La nouvelle loi actuellement en discussion pourrait faire passer les pouvoirs d’interdiction d’un juge à une autorité administrative puisque le temps d’un procès en justice prend des mois voire des années. Cela créerait une pression beaucoup plus forte sur tous les sites qui pourraient très bien prendre les devants comme l’a fait Vivastreet en supprimant par eux mêmes tout contenu qui pourrait être considéré comme «illicite».
Les associations prohibitionnistes comme la Fondation Scelles applaudissent et appellent à l'équivalent de la loi FOSTA/SESTA inspirée par l'administration Trump aux Etats-Unis. Celle-ci a non seulement conduit à la fermeture des sections utilisées par les escortes de sites d'annonces comme BackPage ou Cragslist mais a aussi poussé à censurer tout contenu considéré comme faisant la promotion de la prostitution et de l'exploitation sexuelle sur Internet visant ainsi des blogs, forums ou des sites militants de travailleuses du sexe cherchant à se donner conseils et entraide. Des sites de webcams ou d'actrices porno ont également été fermés, sans compter les sites de transfert d'argent sur Internet qui utilisent toute excuse pour conserver pour eux les gains réalisés par les travailleuses du sexe en bloquant arbitrairement n'importe qui.
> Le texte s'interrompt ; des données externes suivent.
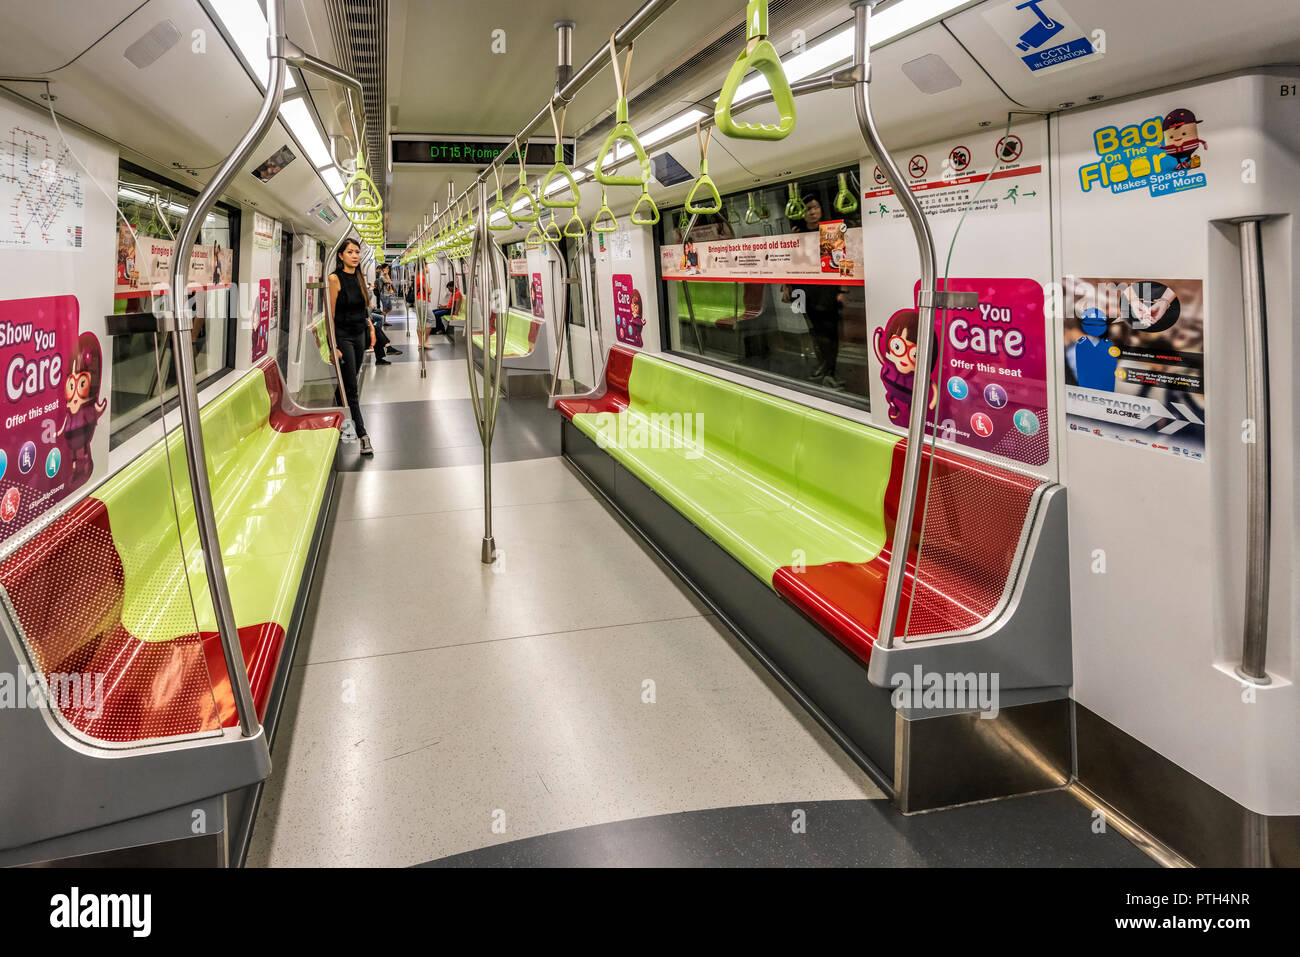 Interior view of a Singapore MRT Mass Rapid Transit Carriage, Singapore Stock Photo
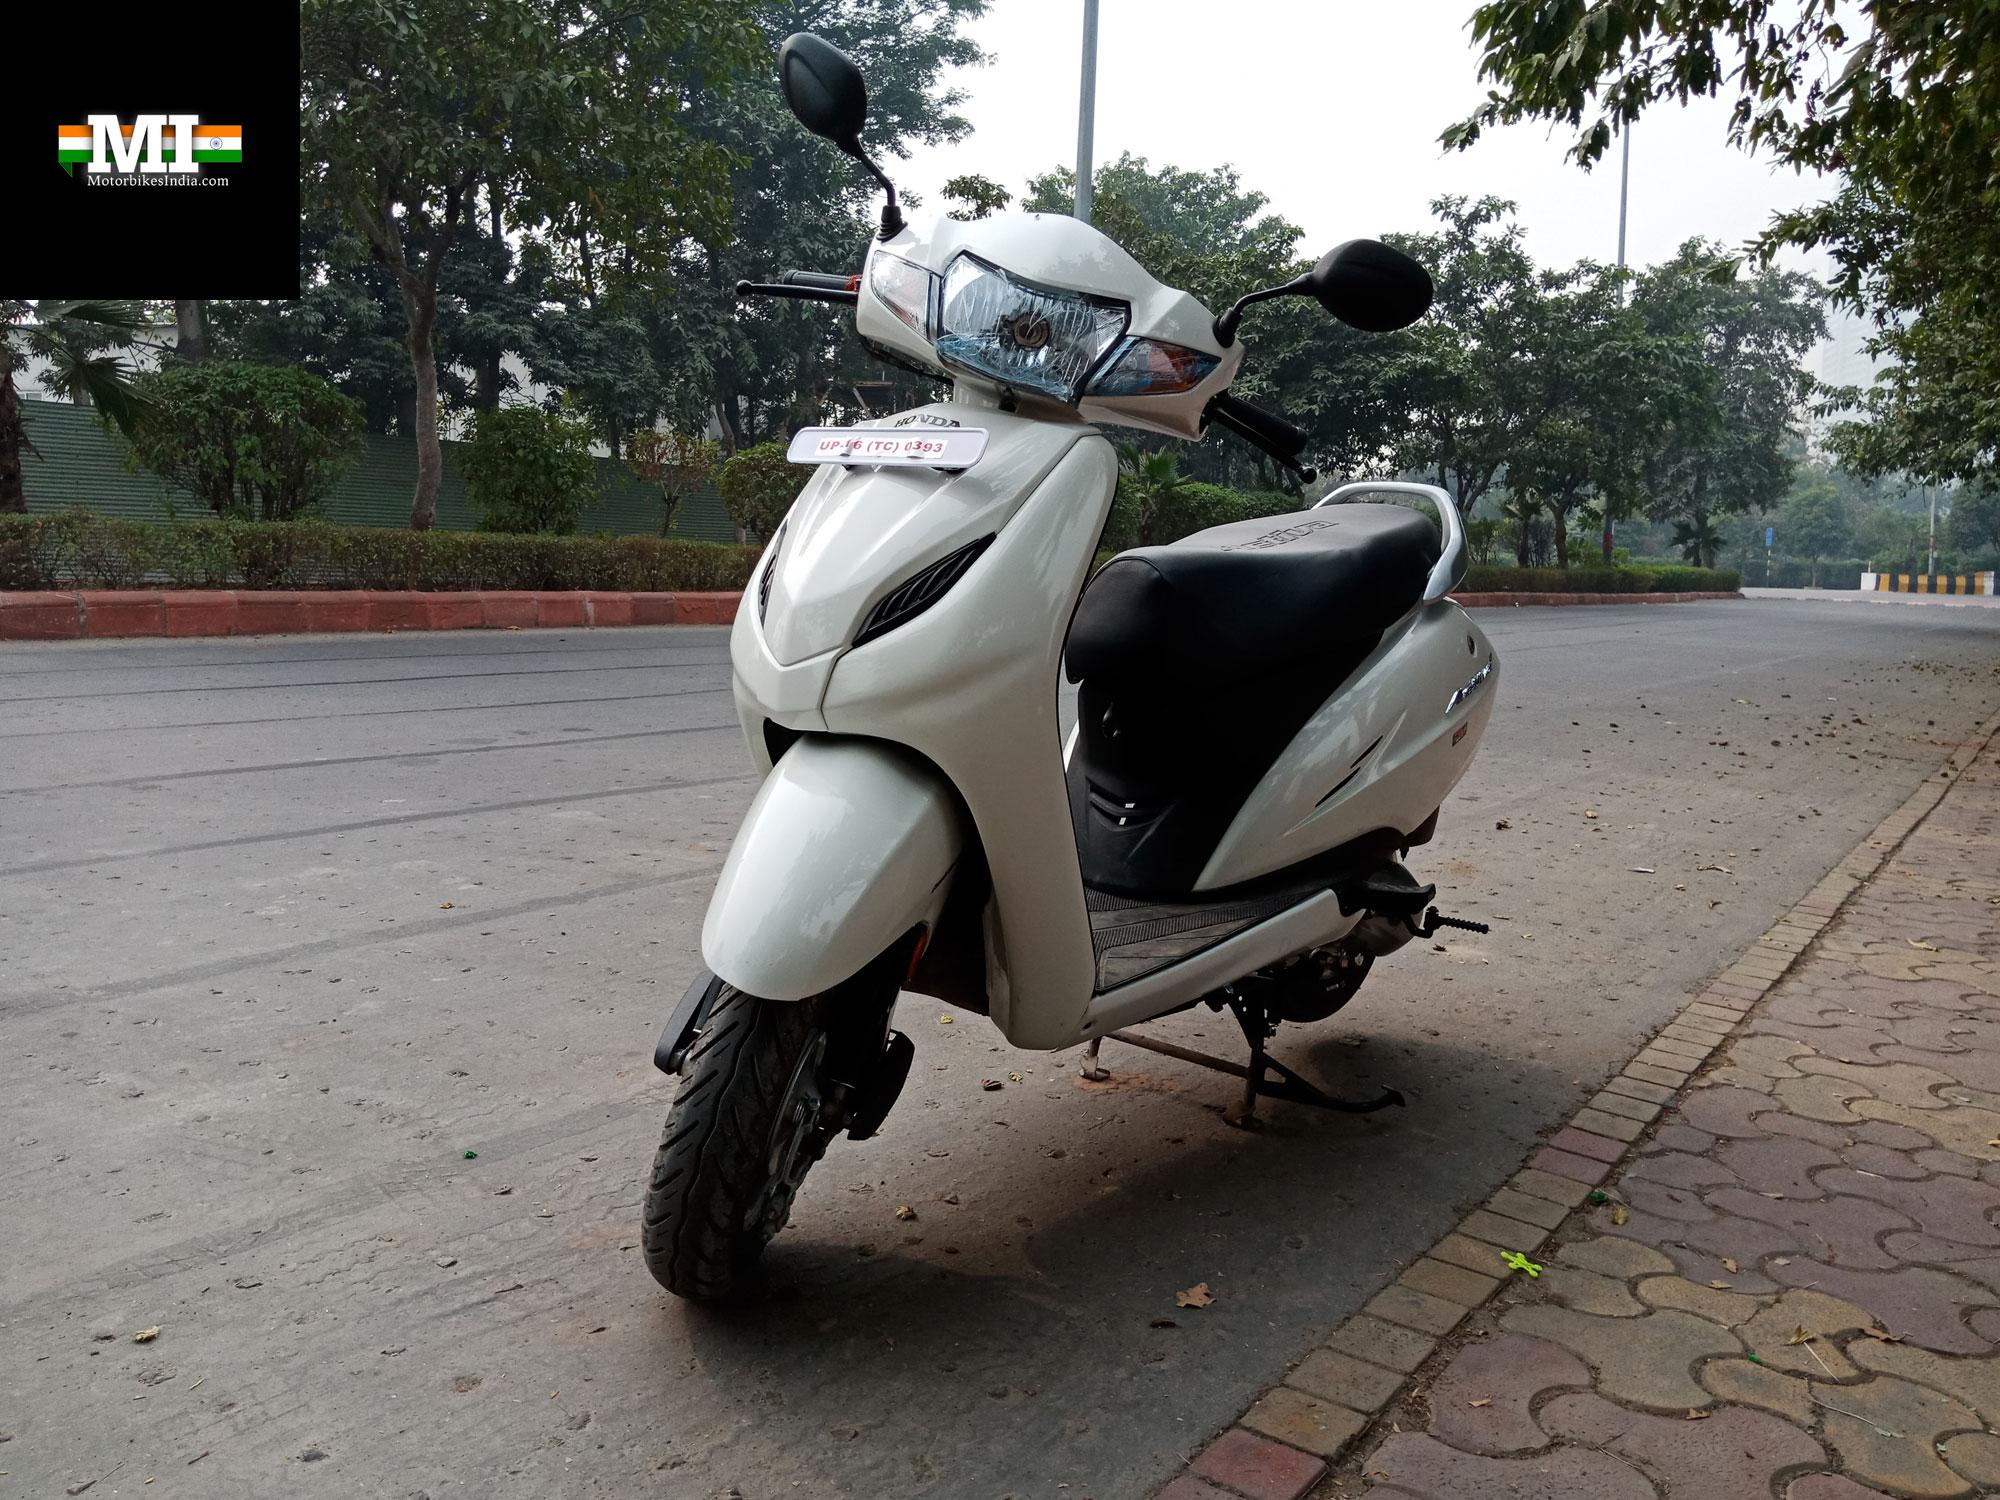 Stupendous Honda Activa 4G Road Test Review Indias Best Selling Evergreenethics Interior Chair Design Evergreenethicsorg

Le gouvernement est actuellement en plein travail d’évaluation de la loi de 2016 connue pour pénaliser les clients. Dans le cadre de cette évaluation, il affirme vouloir mieux lutter contre le «proxénétisme sur Internet», notamment pour répondre aux pressions des groupes prohibitionnistes mais également parce que la police constate un déplacement de certaines formes de travail sexuel vers Internet.
Monsieur Mégret, responsable de la Brigade de Répression du Proxénétisme confiait par exemple l'an dernier dans une interview au Point: « Cette loi n'a pas eu les effets escomptés, poursuit-il. Elle a surtout chassé les filles de la rue pour les faire passer dans des hôtels ou des appartements, et tout se passe désormais via la cyberprostitution. »
Le risque majeur est qu’au lieu de considérer que les politiques de pénalisation ne fonctionnent pas et ne font que déplacer les phénomènes en précarisant et en poussant à la clandestinité, on cherche à pénaliser encore plus parce que le nouveau problème du moment serait la «prostitution sur Internet».
Ce n’est pas comme si cette répression n’existait pas déjà, et ce qu’on constate, si on prenait la peine de demander leur avis aux personnes concernées, c’est que l’exploitation de la part des parties tierces s’empire, et qu’il devient plus difficile d’identifier les abus quand les contenus sont censurés.
Raison pour laquelle les responsables policiers eux mêmes sont très sceptiques quant à la fermeture de ces sites. Jean Marc Droguet, responsable de l’Office Centrale de Répression de la Traite des Êtres Humains (OCRTEH) écrivait en 2016 une attestation affirmant que Vivastreet collaborait avec la police depuis des années pour identifier les cas d’abus et d’exploitation.
Cela n'a visiblement pas suffi pour convaincre les prohibitionnistes qui préfèrent accuser la police de conflit d'intérêt.
Comme le souligne très bien la Quadrature du Net, dont on salue le soutien au passage, l'ironie de cette proposition de loi est qu'elle prétend défendre les minorités discriminées qui subissent des violences et propos haineux sur Internet, et que les travailleuses du sexe, un des groupes les plus discriminés de France, ne seront pas protégées mais seulement censurées et susceptibles d'être encore plus vulnérables à toute forme de violence et d'exploitation. La PPL Avia est attendue prochainement au Sénat et on s'attend au pire.